Tom Petty was part of the background music of my youth in the late ‘70s and early ‘80s. Even then he was a staple of classic rock radio—though I didn’t listen to the radio if I could help it. He was not among my favorite artists. In fact I placed him in the same tier as Styx, Yes, Lynyrd Skynyrd, Bon Jovi: bands I knew a little but who didn’t really merit further consideration. I changed my opinion during my second year at college, when I drove with my friend Theo to visit our friend Simone at Wheaton College. In a late night revelation, I realized that Tom Petty was the tits.
As is to be expected with such revelations, lots of marijuana was involved. Simone’s hall was hosting a keg party the night we arrived, and Theo and I hunkered down in her room and started smoking. Word got around that “those stoner dudes in Simone’s room” had pot and people kept opening the door and begging us for joints. For some reason, our mood was exclusionary, and we refused to share with anyone, laughing as they begged. One guy pleaded that if we just gave him some pot, he would definitely get laid. We told him he’d do fine on his own.
Every time someone came in to ask for pot, the music that was seeping through the door in muted bass tones would suddenly switch to brilliantly crisp stereo. Door opens: “Baby don’t it feel like heaven right now…” Door closes: “mumble, mumble” bass throb, dull snare.
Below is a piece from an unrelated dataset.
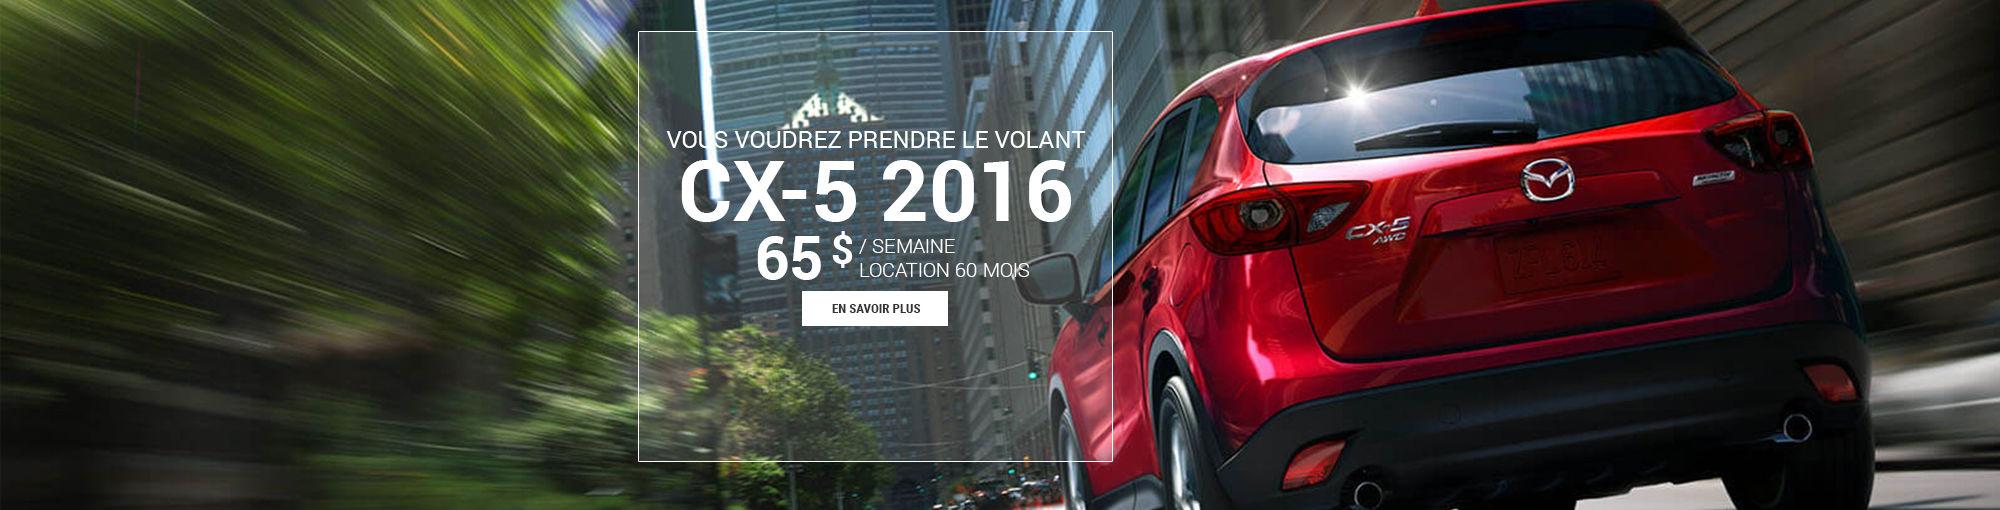 CX5 2016 - novembre 2015

Door opens: “Yeah, I might have chased a couple of women around…” Door closes: “mumble mumble.” Normally, Theo and I got stoned listening to things that weren’t being played on the radio: early Bob Marley, side 2 of Electric Ladyland, or Black and Blue-era Stones (I might have also listened to The Clash and/or R.E.M., but Theo wasn’t into that stuff.) It seemed hilarious to me that anyone would choose to listen to FM radio fare like Tom Petty.
But cutting through my purist hipster snobbery was that enhanced musical awareness that you get when extremely stoned, as if you’re truly hearing every instrument in a new way, and a radio-friendly two and a half minute song stretches out in your perception until it feels like a 25-minute long jam band epic.
Every time the door opened, I heard Tom Petty in a way I hadn’t before, and I realized that he was doing the same thing as the Replacements, and Husker Du, and The Beatles and The Fleshtones, and whoever else I was fetishising at the time. I realized that Tom Petty was valid, that Tom Petty was awesome, that Tom Petty was not some shitty early ‘80s radio rock to be discarded once I’d discovered punk. Door opens: “The way-ay-ting is the haaaaaaardest par-art!” And then those chords hit and it was like a flower of light unfolding in front of me. “Holy shit,” I said to Theo, “this song is AWE-some. Tom Petty is amazing!” He looked at me strangely, as if I’d stated the obvious. “Oh, yeah,” he says, taking another pull on his joint, “I’ve always loved Tom Petty.”